A severe supply disruption in the Gulf would be a different matter. Oil prices seem to have a “non-linear” impact on growth – larger rises inflict more than proportionate damage – possibly because they are often accompanied by increased uncertainty arising from geopolitical tension. IHS Global Insight, a consultancy, has modelled a temporary closure of the Strait of Hormuz between Iran and the Arabian peninsula, the export route for a fifth of the world’s oil.

In those conditions, IHS believes, the eurozone would be among the hardest hit because of its dependence on imported oil and its already fragile economic state. The disruption could reduce eurozone GDP by nearly 1.5 per cent, compared with only 0.9 per cent for the US. Japan and China would take about the same hits on GDP as the US, with smaller reductions in growth for India and Brazil, and a boost to the output of Russia, a huge net energy exporter.

Trevor Houser of Rhodium Group, a consultancy, says that for America there are uncomfortable echoes of the early 1980s. “Just as the economy was getting back on its legs, the Iran-Iraq war sent oil prices up another 23 per cent. The US economy dipped back into recession in July 1981, and didn’t recover until a year and a half later. The west faces similar risks today.”

There is still more that consuming countries can do, such as releasing oil from their strategic reserves – a move being considered by Mr Obama and other western leaders. A release is likely even if the oil market remains as it is, and certain if it deteriorates.

But while that can put a brake on the market, sending rising prices into reverse is more difficult. The co-ordinated release from reserves by 28 countries aftersupplies from Libya were disrupted by the civil war last year probably forestalled a much steeper rise in prices, but oil was more expensive when that release ended than when it began.
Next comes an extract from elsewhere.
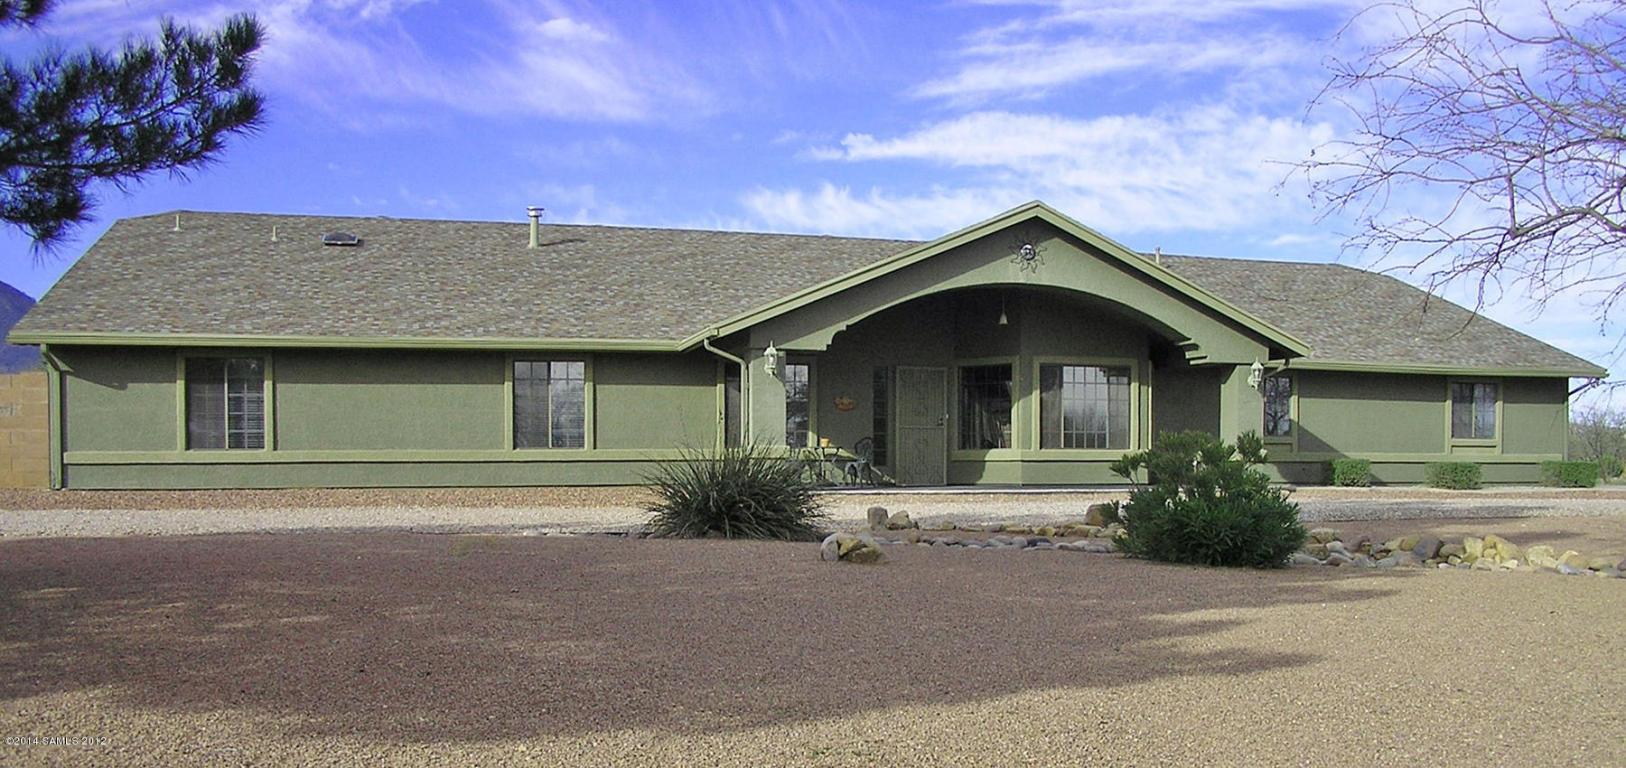 Real Estate for Sale, ListingId: 31829923, Sierra Vista,AZ85650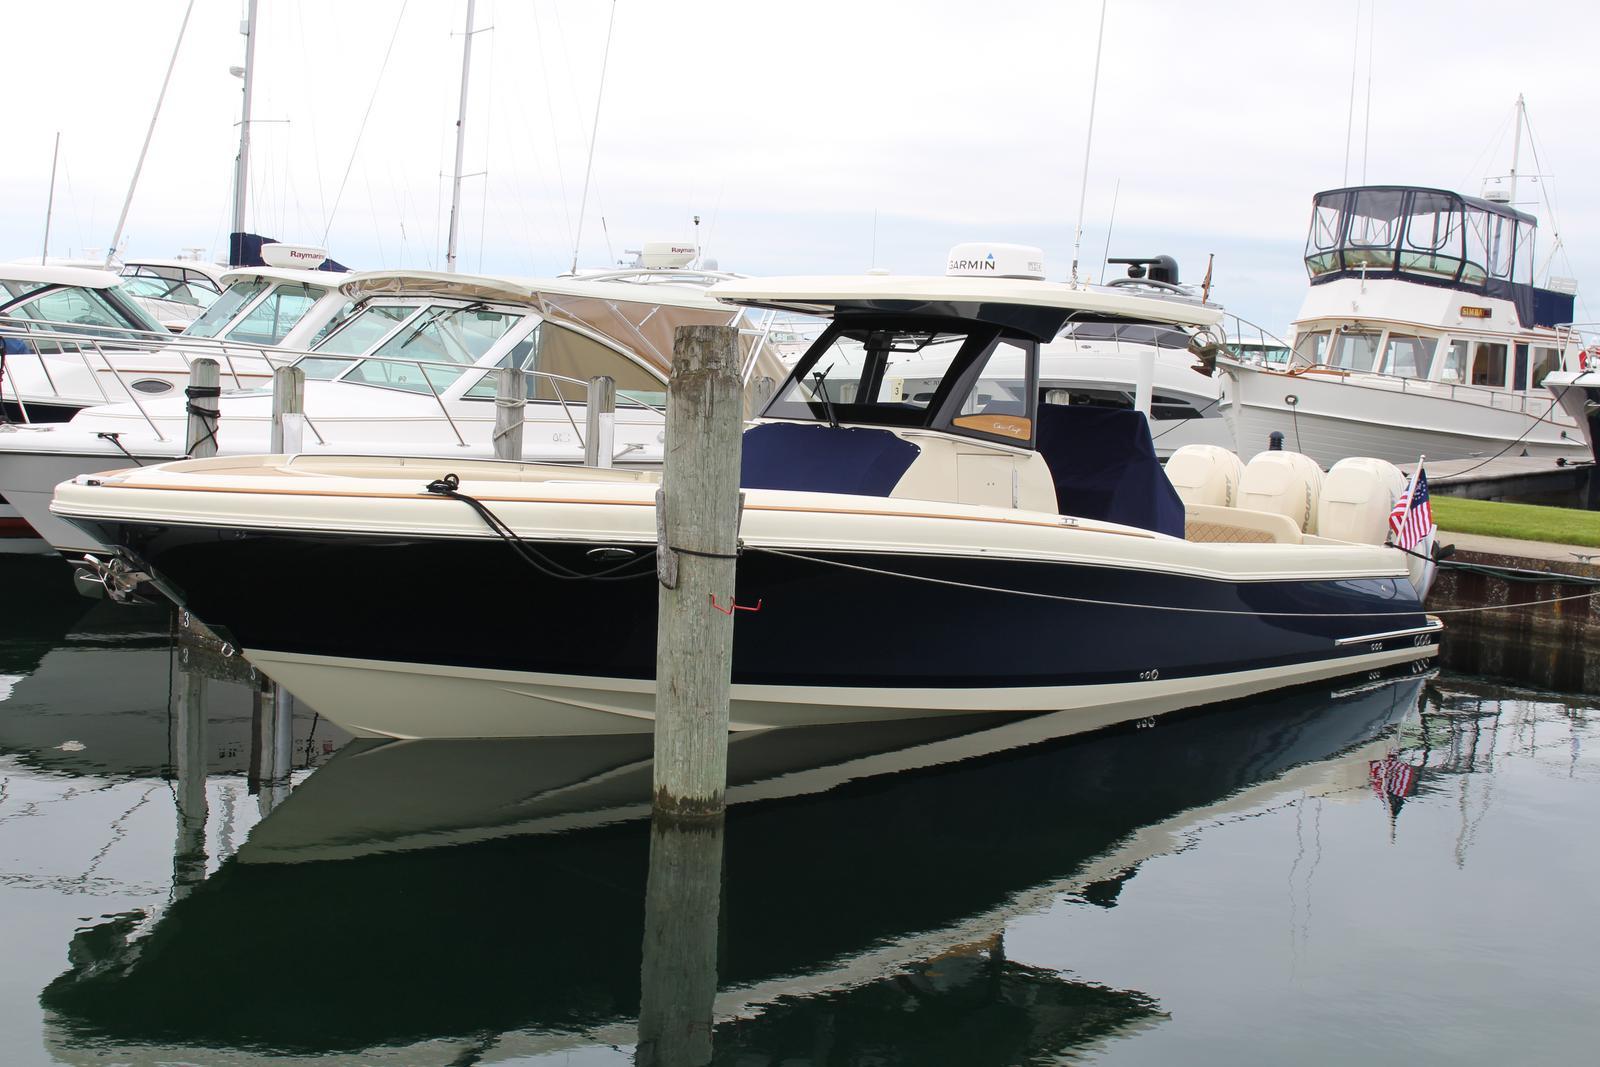 2019 Chris Craft Catalina 34 for sale in Harbor Springs, MI

Oil consuming countries may have to accept that if they are to meet their objectives of trying to prevent a nuclear-armed Iran, there will be an economic price to be paid.

Michael Levi of the Council on Foreign Relations, a New York-based think-tank, argues that there is really only one way to blunt the weapon: use less of it. “We can produce more oil, which reduces our vulnerability a bit,” he says. “But the most important thing we can do long-term is consume less oil.”